第1章 序章 死人窪的故夢
棺木將被安放在鐵的靈堂
七位王子已在其中聚首
代代祖先欲從地獄深處抬起頭
悲歎如此離去的
一族子孫
——百詩集
我叫郭為先,剛剛被血汗工廠開除,不要問我為什麽,那是一哥們兒的女人被混蛋睡了,我作為一個小班長,還有點號召力,但沒想到替那哥們兒出頭後,卻鬥不過色狼背後的勢力。這正應了網上一句話,報仇一時爽,全班火葬場。這種事做就做了,我一點也不後悔丟了飯碗,但畢竟說出去不光彩,兄弟他臉上掛不住,所以不多提了。
大城小縣的轉了幾趟車,最後一段山路隻能用腳走回家。路還是機耕路,幾十年沒變過,周圍草深林密的,用老人們的迷信話說,就是“野”。說一個地方“野”,就是說那兒鬧鬼鬧精怪的意思,本地人隻要聽到這詞匯,都得打個冷戰。
所謂的機耕路,就是在荒地上開辟出一條能走拖拉機的寬路,走輪子的地方壓得光趟,但中間卻生著能藏貓狗的野草,風一吹,就像是女鬼在招手。

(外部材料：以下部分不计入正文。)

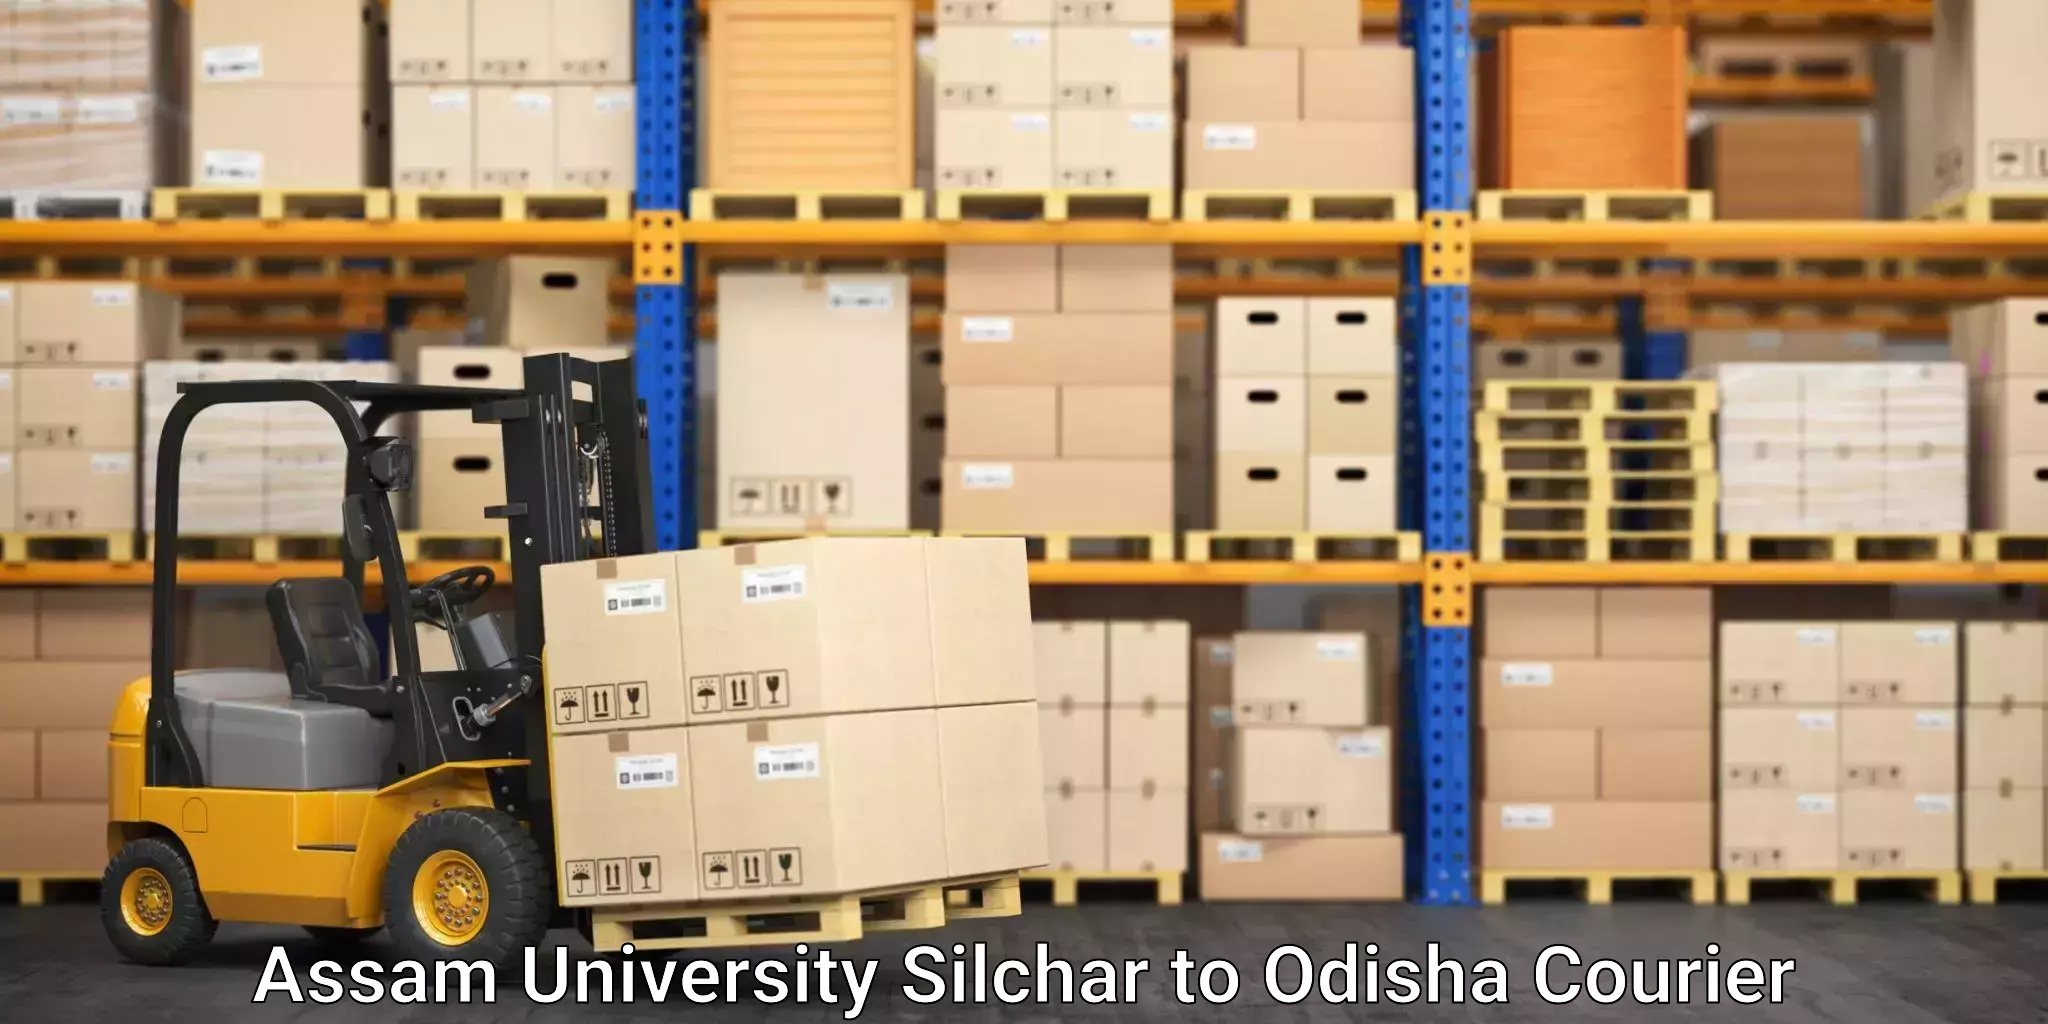 Affordable parcel service Assam University Silchar to Keonjhar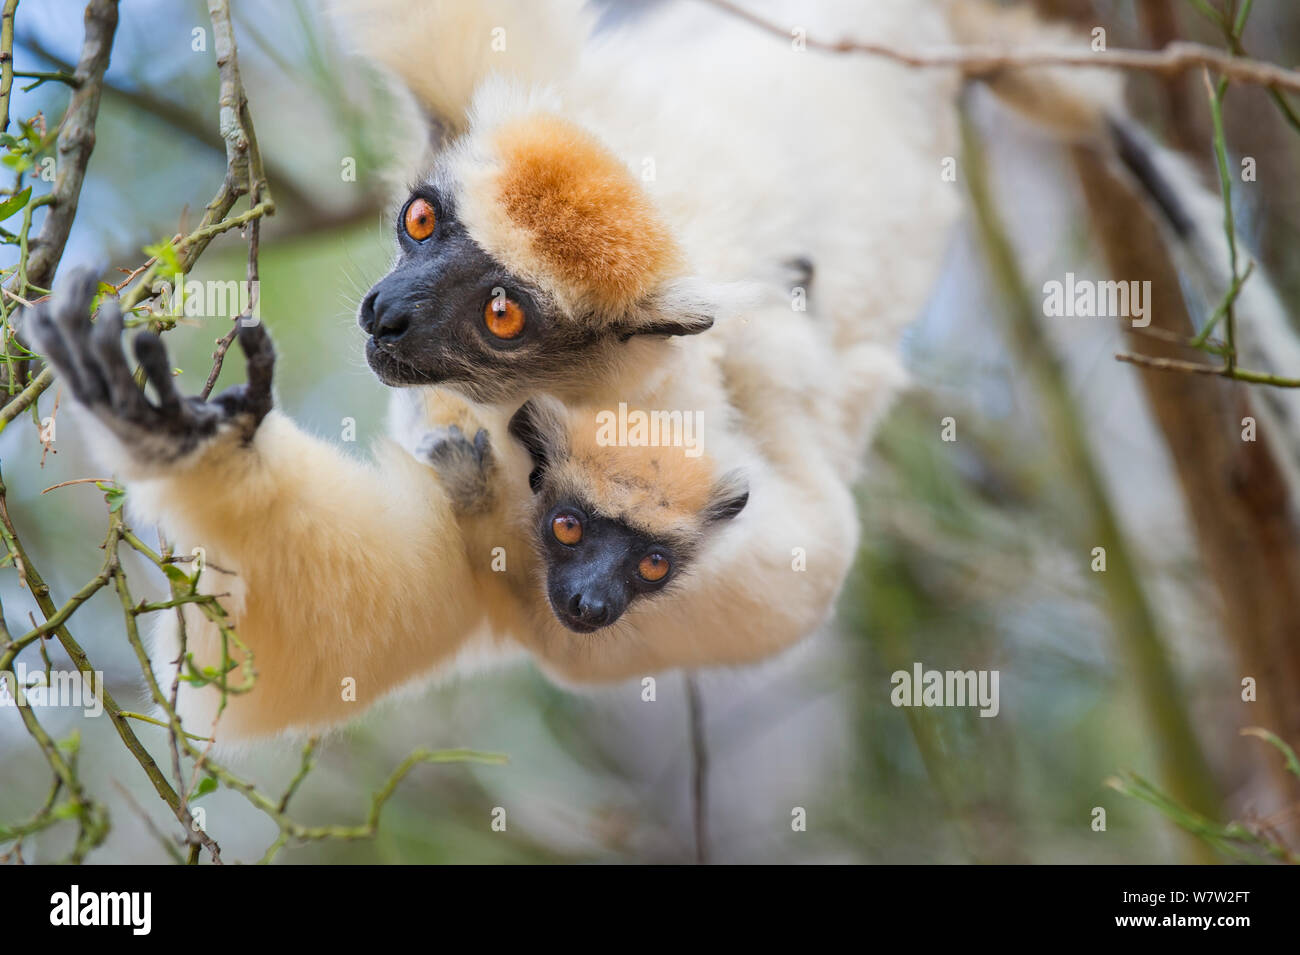 Weibliche Golden gekrönte Sifaka (Propithecus tattersalli) Durchführung 2-monatigen Säuglings- und Fütterung auf Knospen in die Baumkronen. Die Wälder in der Nähe des Dorfes, in der Nähe von Daraina Andranotsimaty, Madagaskar. Kritisch gefährdet. Stockfoto

路上一個人也沒有,也許是受到氣氛的影響,我不禁想起了從前發生在這個小山村裏的靈異怪事兒。
我當時隻有7歲,上學必須要經過死人窪的機耕路,當我再度回味起這段往事,人還打個哆嗦。
十三年前,改革開放的春風還沒有吹拂到中國的心髒地帶,南下打工潮剛剛興起,如日中天,農村年輕人輟學的輟學,深造的深造,隻剩下一些孤兒寡母,幾乎沒有什麽青壯年,大家都說這叫陰盛陽衰。在大別山區的深山老林裏,有許多像我們這樣的留守村,那野外水庫、河堰深一腳淺一腳的,有的地方水淺泥深,能埋人。
雖說山裏孩子野,熟悉水性,出事的倒也有一些,那些淹死過人的河堰就成了大家口中的忌諱,流傳著版本不一的鬼話。